3. The paint recovery device according to claim 1, wherein: the cyclone tower separation device comprises a plurality of cyclone towers, wherein the top ends of the cyclone towers are opened in the diffusion cavity, the bottom ends of the cyclone towers are opened in the recovery tank, the top of the recovery tank is sealed and fixed with the tower walls of the cyclone towers, and the bottom of the recovery tank is provided with a paint discharging port.
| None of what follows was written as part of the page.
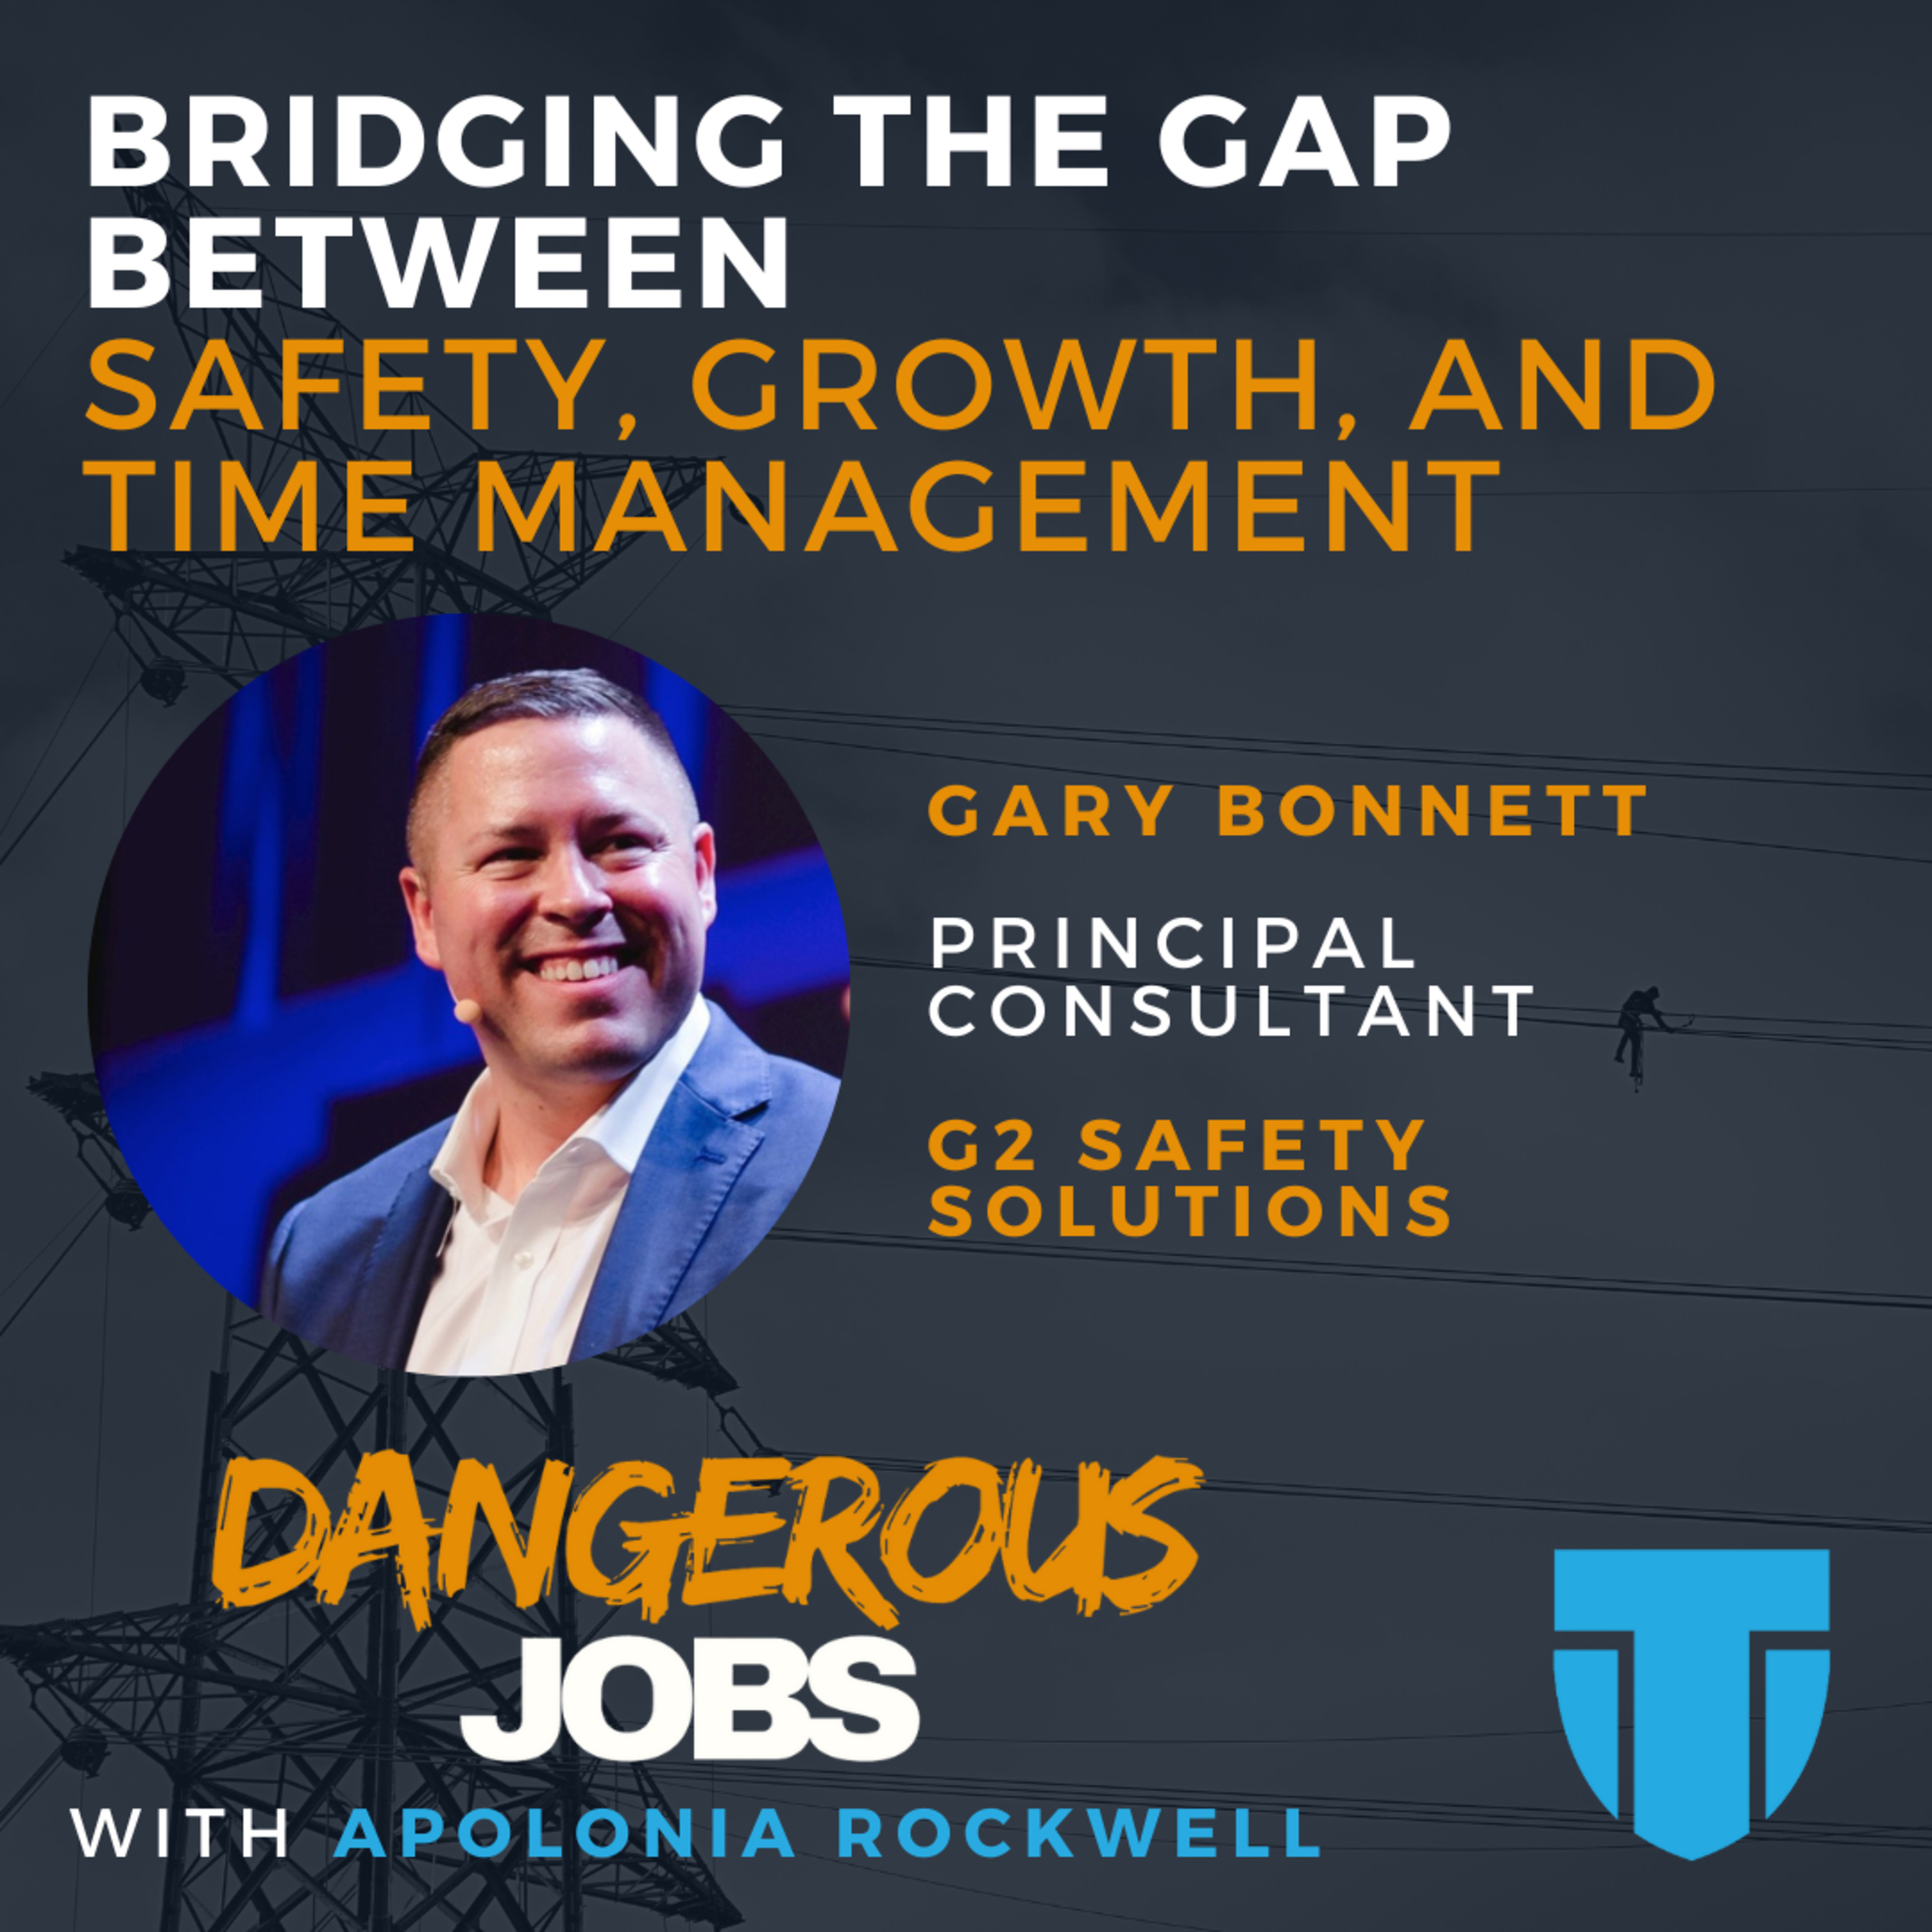 Bridging the Gap Between Safety, Growth, and Time Management

4. A paint recovery device according to claim 2 or claim 3, wherein: the two cyclone tower separation devices form two-stage separation, and an exhaust port in the first cyclone tower separation device is connected with a diffusion cavity in the second cyclone tower separation device through a pipeline, and an exhaust port in the second cyclone tower separation device is connected with an exhaust pipeline.

5. The paint recovery device according to claim 4, wherein: further, an exhaust fan is arranged in the exhaust pipeline, and a photo-oxygen catalytic deodorizing layer and an active carbon filter layer are arranged in the exhaust pipeline.